Let's talk about quantum computers. And quantum computing-- the idea behind a quantum computer has been around since the 1980s or so. And a wide variety of physicists, mathematicians, computer scientists have been looking at this and trying to figure out, can we build a quantum computer, what it would take. And it's taken many decades to get to the point right now where it's pretty interesting, where people have fielded quantum computers. And they're working and you can run them on the cloud. And it's really an exciting time because this kind of dream has become a reality.
So this is all very nice science and technology at this point, but the quantum computers that we have right now are a little bit less than what we want to be doing practical useful calculations, and so we need to improve them. And today, what I want to do is I want to talk about not just how great quantum computers are-- I'm not going to emphasize that too much-- but really emphasize, what do we have to do to make them better, and what do we have to do to make them useful? And I'll give some examples of what's going on in the field to make that clear.

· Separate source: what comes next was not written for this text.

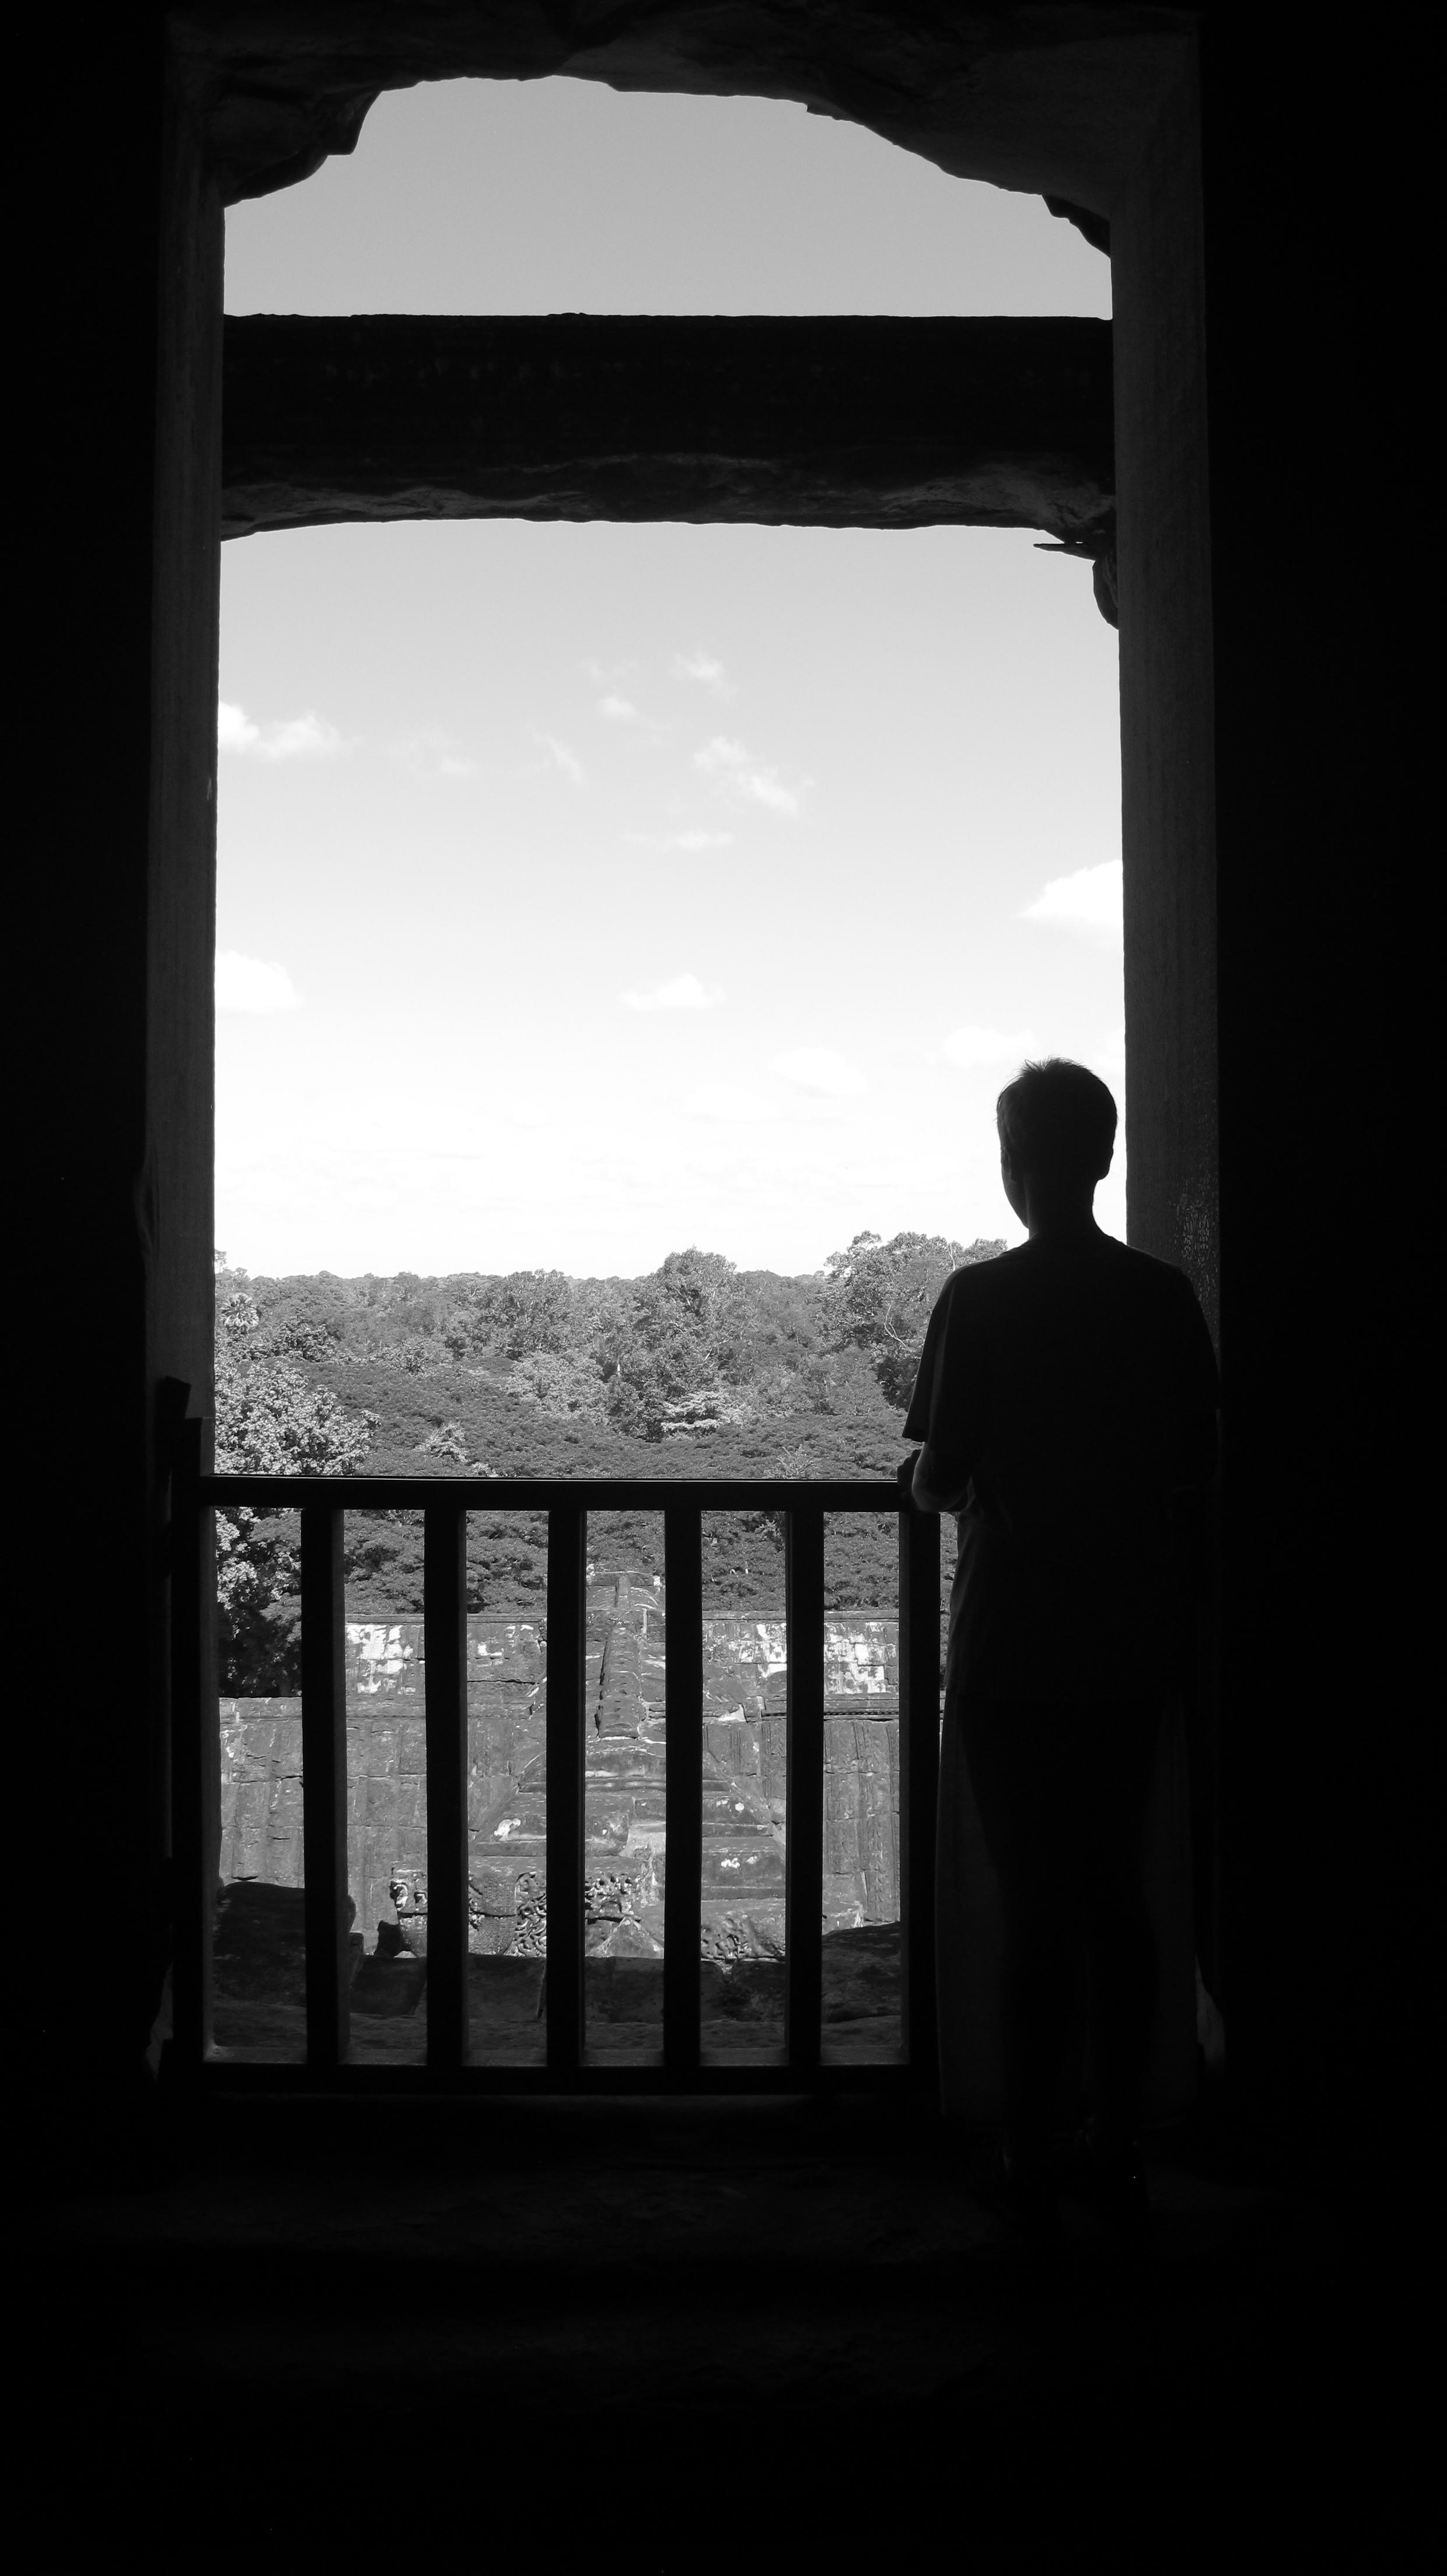 """Love to Cambodia"" - Angkor Wat, Siem Reap, Cambodia"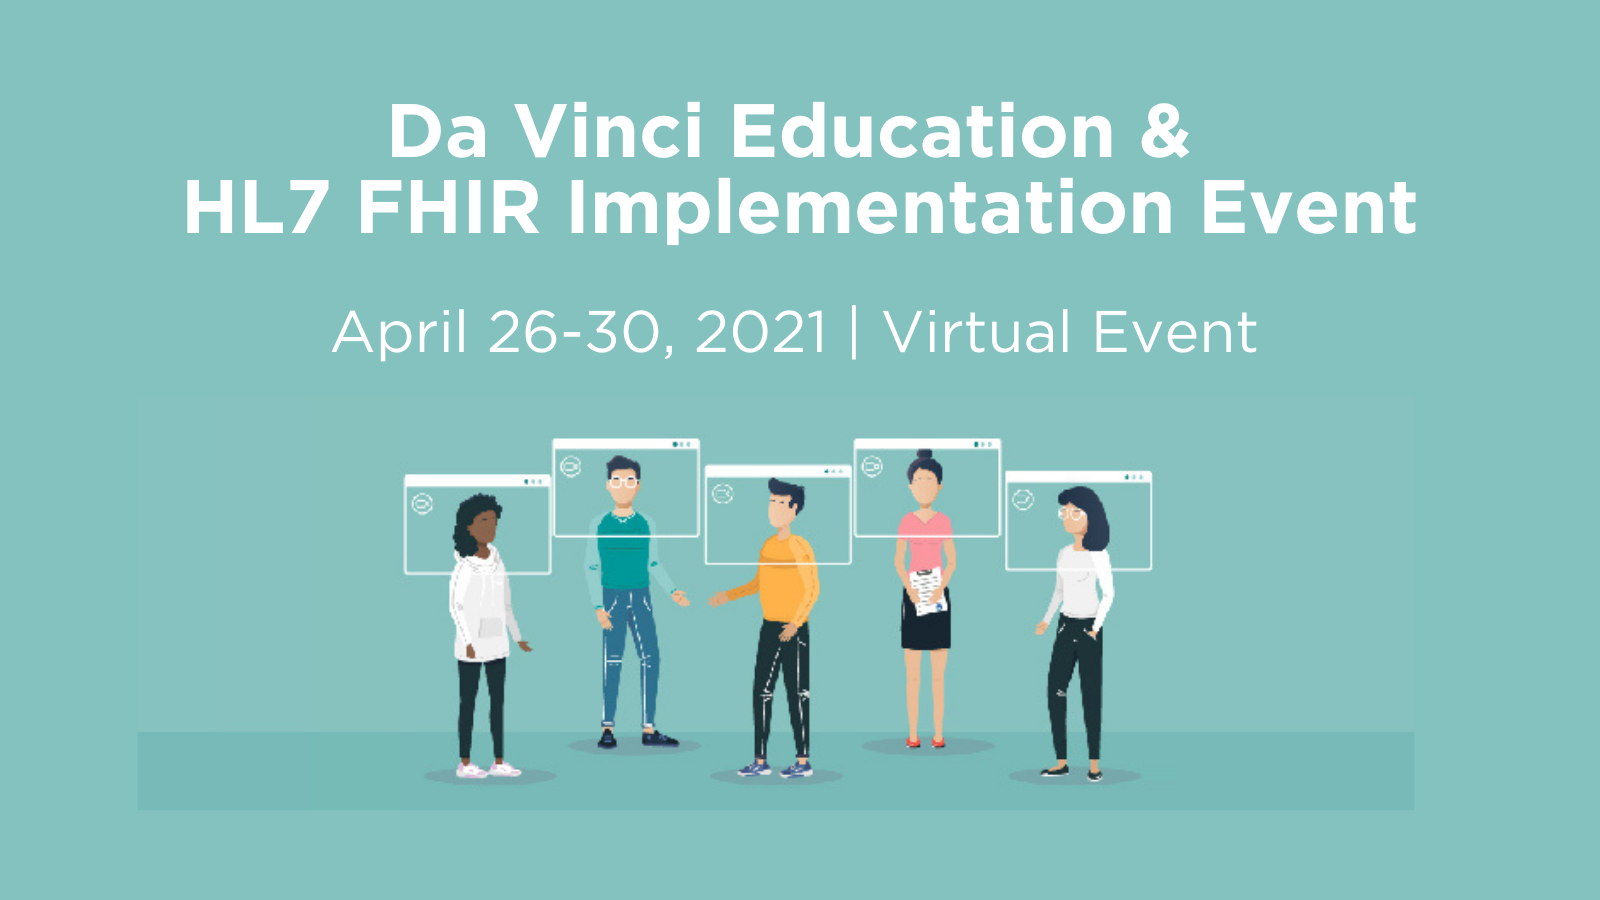 Da Vinci Education & Implementation Twitter Post

And then, in the end, we're going to want to do error correction with a quantum computer, and I'll explain kind of where that's going, at least what we understand right now, and hopefully do it in a way, just the basics of the physics that we can understand here, and then give you a sense of what a more complex system will be. I'll kind of explain what it is. It's kind of hard to go down into the details too much. In particular, we're going to look at something called the surface code, which I think is one of the leading candidates for what we're going to do now and not too hard to understand. OK?
So let's just first start with, why are we interested in quantum computation? And that's because we can store/manipulate in a really new powerful way taking advantage of the laws of quantum mechanics. Now, you know, when you use a classical computer like your cell phone, that's based on storing/manipulating individual bits that are 0 or 1. However, we know that nature allows us to do something more sophisticated, and that is you can build a quantum state that's 0 and 1 at the same time.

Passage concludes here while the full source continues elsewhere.